To get back to the point, if you look at it a certain way, “not patching” is itself a certain kind of control or countermeasure.  Specifically, it’s a control to safeguard against potential downtime impact – or potential adverse consequences caused by the patch itself.  This use of “not patching” as a control is (or should be) weighed against the potential impact caused should the vulnerability the patch addresses be exploited.  This weighing of those two controls (patching vs. not patching) is therefore a risk-based decision with those two sets of undesirable consequences weighed against each other and the least impactful plan moving forward. And here’s where I’m going with this: expedited patching – even with minimal (or even no) testing, might have resulted in less impact in aggregate than waiting to thoroughly test before doing so.

In the case of the issues fixed by MS17-010 (i.e.  CVE-2017-0143, CVE-2017-0144, et cetera), I think we can all agree that we knew ahead of time that the impact (when exploited) had the potential to be significant, right?  If you didn’t know that, you have bigger fish to fry than systematically evaluating the relative performance of your patching – or “not patching” – controls.  Like, stop reading this and go spin up a process to start tracking and evaluating this stuff — we’ll wait.  Anyway, assuming you did have a process that flagged this issue ahead of time along with it’s relative seriousness, I would argue that a 9.3 CVSS, remotely-exploitable issue, for which there is exploit code readily available, in one of the most commonly-used protocols on the planet is the time to pull out the expedited process in almost every case.  On the whole, I can almost guarantee you that the shops that had problems in aggregate with WannaCry, had they applied an expedited patching process from the get-go, would likely have encountered an overall reduction in production impact relative to what they experienced by not doing so.
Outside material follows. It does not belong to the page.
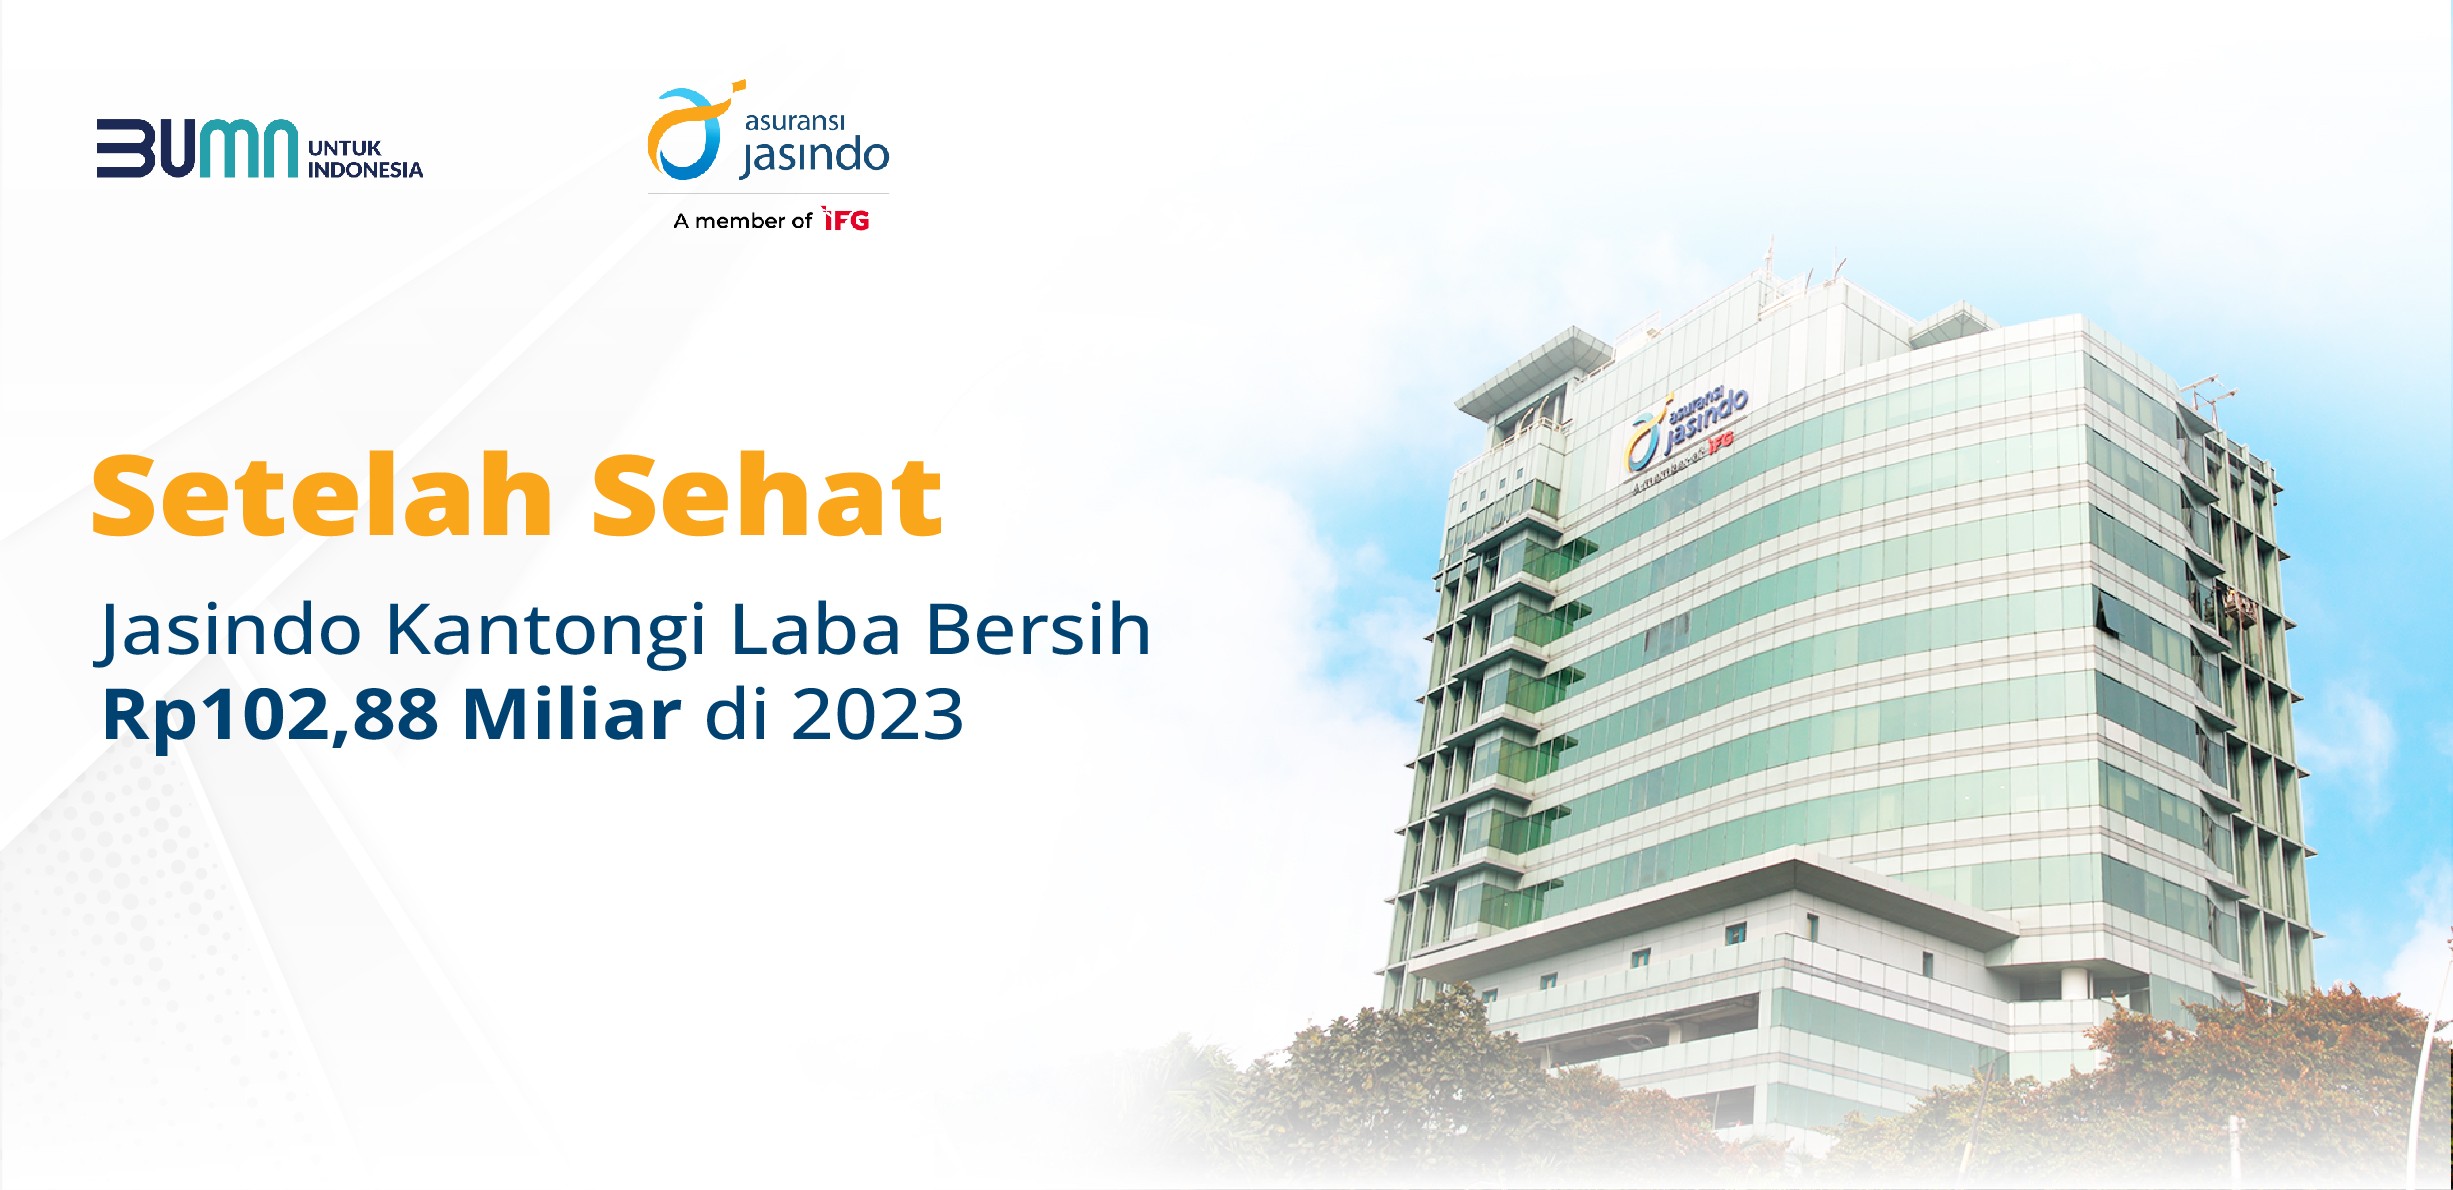 Setelah Sehat Jasindo Kantongi Laba Bersih Rp102,88 Miliar di 2023

So what does that mean from a practical point of view?  It means, those shops that had issues with WannaCry may need to re-examine their patching process.  This is not going to be the last issue of this type that we’ll encounter. The onus is on us – between now and the next time that it happens – to make sure that our processes are as streamlined as they can be and that we’re appropriately prioritizing in light of the full range of potential impacts of exploitation.